“He was with your mother. They were having sex as my mother lay dying. Your mum had called to break up with him for real this time. She had met someone that she really liked, someone she thought might be able to give her a good life; your father. Naturally, Alan tried to talk her out of it and they decided to part ways on a high. But, by the time they finished with each other, my mother was already dead and I was robbed of my chance to say goodbye. The hospital rang him numerous times but he never answered. If your mother had just kicked him out instead of dropping to her fucking knees for him, then my mother wouldn’t have died alone.” We are both full on sobbing now at the pain of reliving his worst experience. The thought of his mother dying alone whilst mine was sleeping with her husband truly disgusts me. I can’t even bear to think of my mum that way, he is ruining the memory I have of her and I don’t want that to happen. But then I remember I got to say goodbye to my mum and he never will. It doesn’t make what he is doing right, but I can understand his pain.
“I’m sorry you never got to say goodbye to your mum, I truly am. But that was a choice your father made. I’m not saying my mum was completely innocent, but she is dead and can’t answer you as to her motives. But to blame me for something that my mum did is wrong and you know it. How would you feel if you were punished for something your father was responsible for?” I say softly. I don’t want to make him angry but at the same time, I have to make him see that this is ridiculous. He is acting out of grief and revenge, not logic.
“Don’t you see, with you I don’t just get to punish her, but I am punishing my father too. He feels some strange kind of love for you, one that he has never shown me, his actual child. It turns out that he visited your mother on her deathbed. From what I have found out, they had had no contact since she had married Manny, but he did carry on paying a large sum of money into your family account every month. An amount that continued up until a couple of months ago when I stopped it. Your mother reached out to Alan and asked him to watch out for you. She was concerned that your father's drinking and gambling had gotten out of hand in the last few months as he struggled to cope with her cancer diagnosis. She knew it would only get worse and she was worried for you, so she sought help with the most powerful person that she knew. So all of this, is all because of your mother. My father is threatening to go to war with me, to remove me from the family and risk the collapse of his entire enterprise, all because of a promise he made to your mother.
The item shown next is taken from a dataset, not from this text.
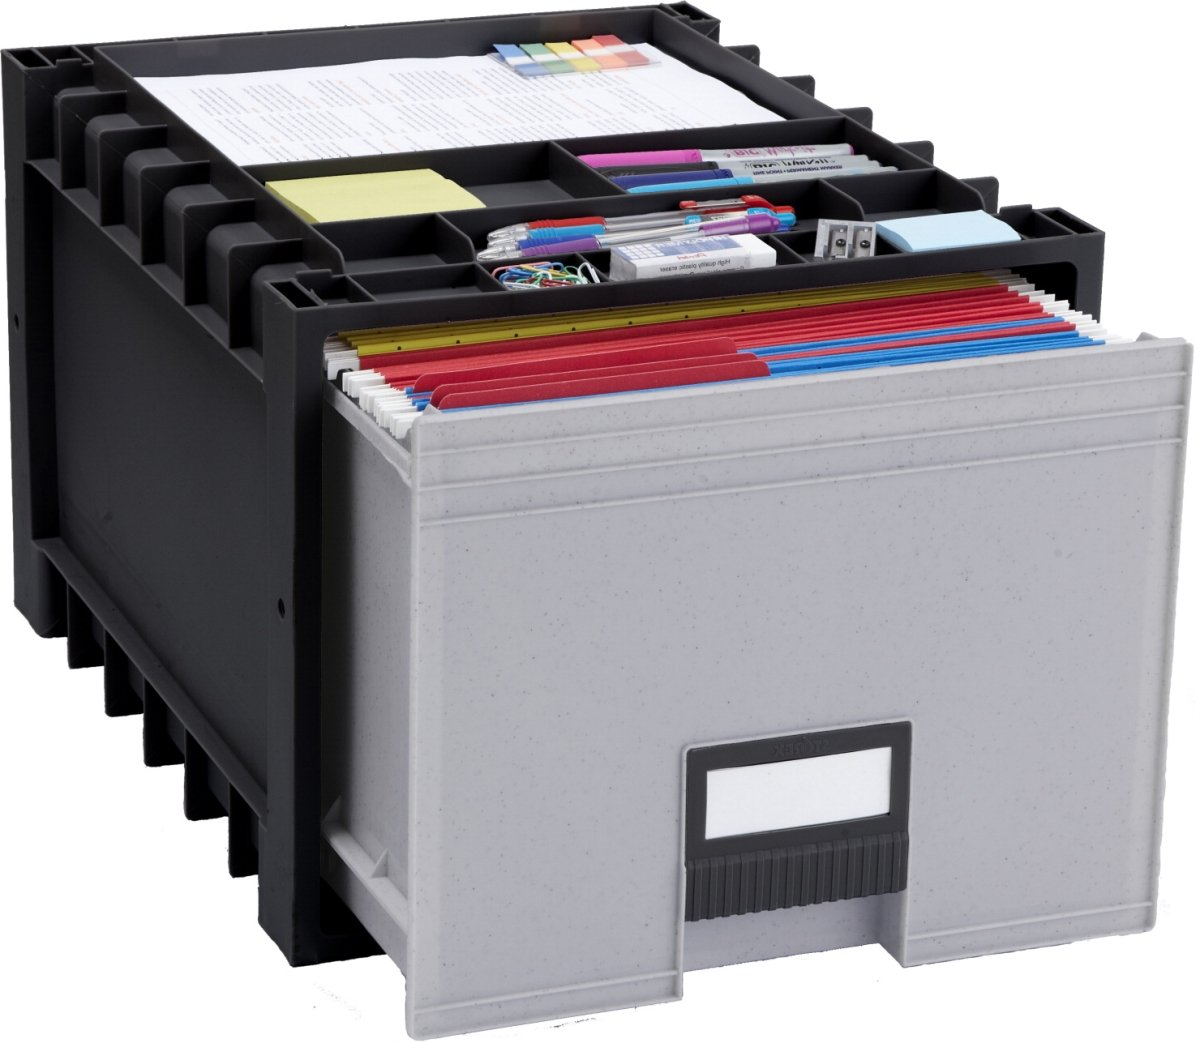 Storex 1537295 18 in Archive Drawer - Black & Gray

I genuinely never believed he would go this far, but your mother must have had one magic pussy,” he says scornfully.
A rage like no other fills my veins and I feel a roar in my head that propels my body forward as I charge at Grant. Hearing his total disrespect for my mum when I have shown his mother nothing but kindness and understanding is disgusting and it heats a fire in me. My fists are raised and I go to attack without thought of the consequences. But Grant is quicker than me and he grabs me before spinning us around. Before I know it, he has me bent over his desk with my breast squashed against the cold mahogany. His body is plastered against my back and he has one hand gripping my neck and pressing tightly, limiting my air supply. Breathing becomes harder and short sharp gasps escape me as I throw my body weight around as much as I can to try and get free. I scream at the top of my lungs, hoping that someone, anyone can hear me. But in my head, I know I’m shouting for Ryder.
“What’s the matter? Don’t like hearing about how magical your mother's cunt was? I mean, it must have been like gold because I worked out that my father paid her over a quarter of a million pounds in total. That's some really tight snatch. Or maybe he was getting some of yours too?” he breaths into my ear and I shiver with disgust. I can feel bile rising in my stomach and do everything I can to stop myself from being sick.
“You are disgusting. Having lost your own mother, you should know how massively hurtful it is to hear someone say that about my mum. What the fuck is wrong with you?” I shout back and he presses harder into my neck.
“What is wrong with me? Oh, sweetheart, the list is too fucking long. Let's start with the fact I am twisted up over not being able to say goodbye to my mother because of yours. Then I spent my whole life being abused by my arsehole father, convinced he was just not capable of love, only to find that actually it's just that I was the wrong kid. He wanted you. He wanted to have kids with your mother, not mine. You got the love of my father and to grow up with a mother, then when she died, you got to say goodbye. You got my fucking life!” he screams, pressing down harder on my neck, causing pain to shoot down my spine and my vision to blur. Then I feel him pull up the short black skirt I am wearing and my eyes fly open as I desperately try to get free again. He begins spanking my bare flesh, exposed by the thong I put on this morning. The blow hits me at full force and I am pushed even further into the desk. His chest is still pressing hard against my back and his other arm is still pressing around my neck, but not as tightly. He is allowing me to scream between blows. He strikes repetitively one side after the other with no rest in between and my screams fill the room along with his madness.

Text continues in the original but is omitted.